What are the lines, word for word, from the line with "Tony MAGAZINE SP 秘録・艶娘幻夢譚 16ページ" up to and including the line with "バンドスコア Unison Square" in the records below? Omit the pictures.
*** Records shown Section Begins ***
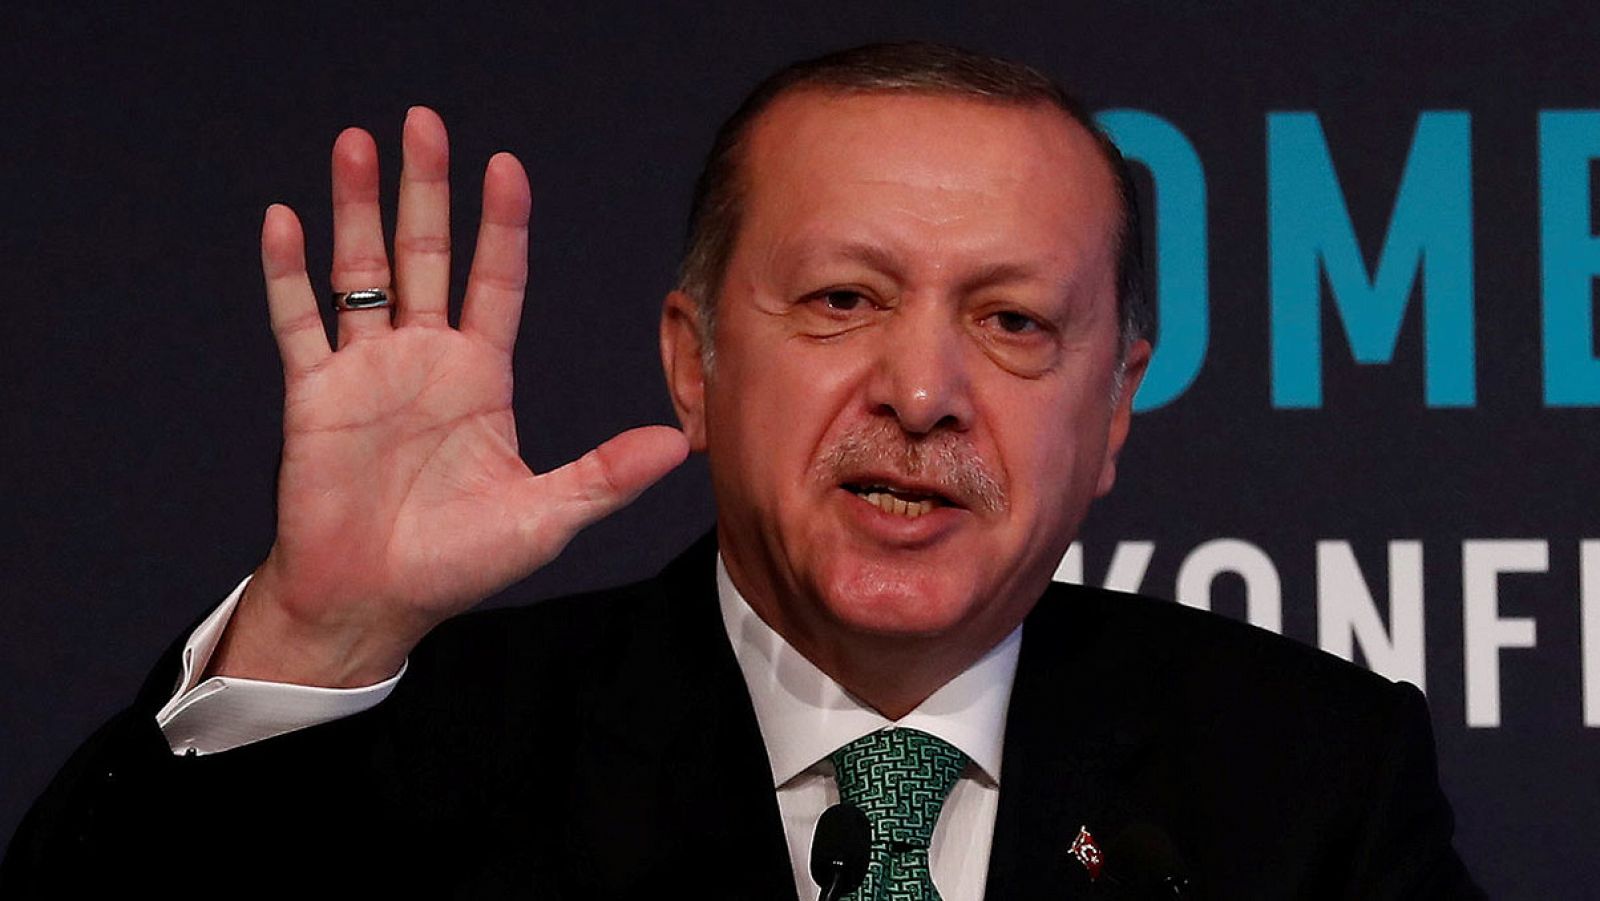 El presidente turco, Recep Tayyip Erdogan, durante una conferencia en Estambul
*** Records shown Section Ends ***
*** Records shown Section Begins ***
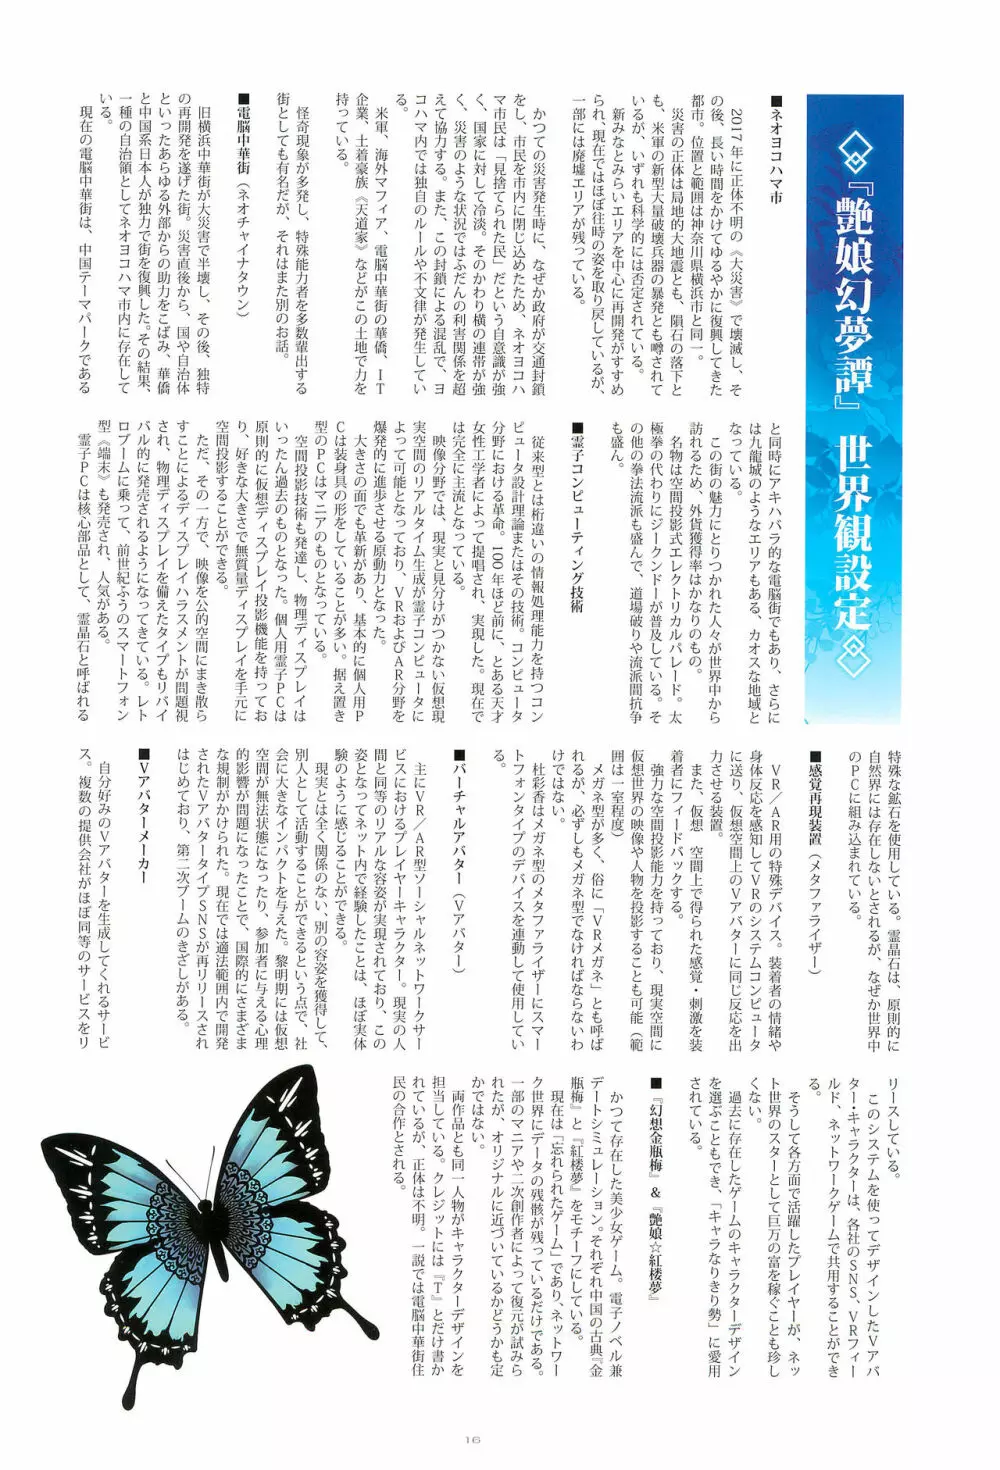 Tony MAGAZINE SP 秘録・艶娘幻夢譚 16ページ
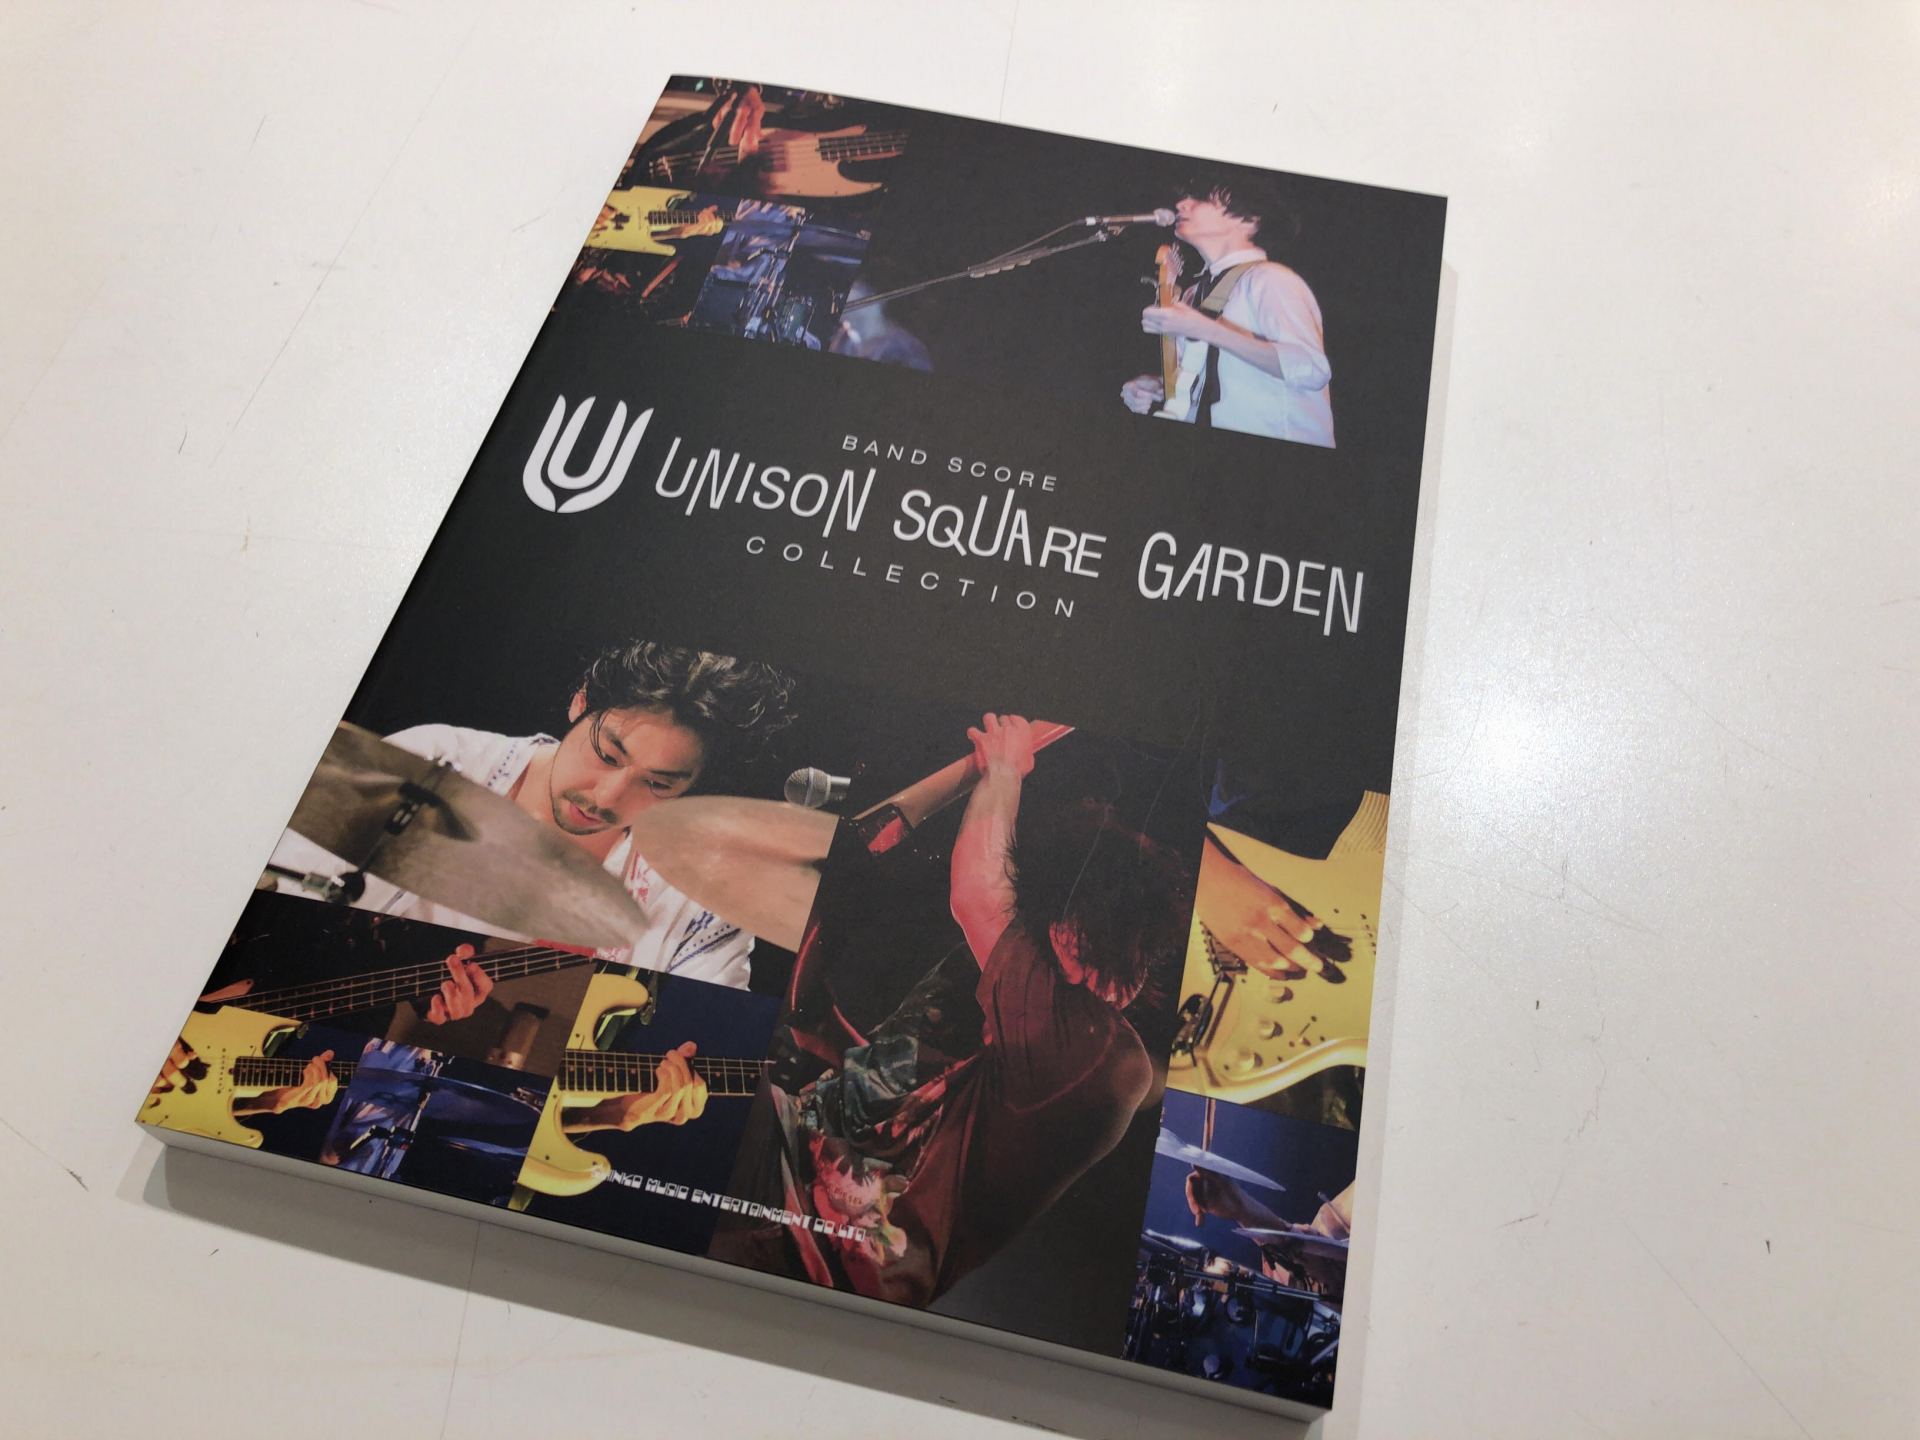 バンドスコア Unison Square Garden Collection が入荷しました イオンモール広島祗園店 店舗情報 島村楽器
*** Records shown Section Ends ***
__Your solution__:
 Tony MAGAZINE SP 秘録・艶娘幻夢譚 16ページ
 バンドスコア Unison Square Garden Collection が入荷しました イオンモール広島祗園店 店舗情報 島村楽器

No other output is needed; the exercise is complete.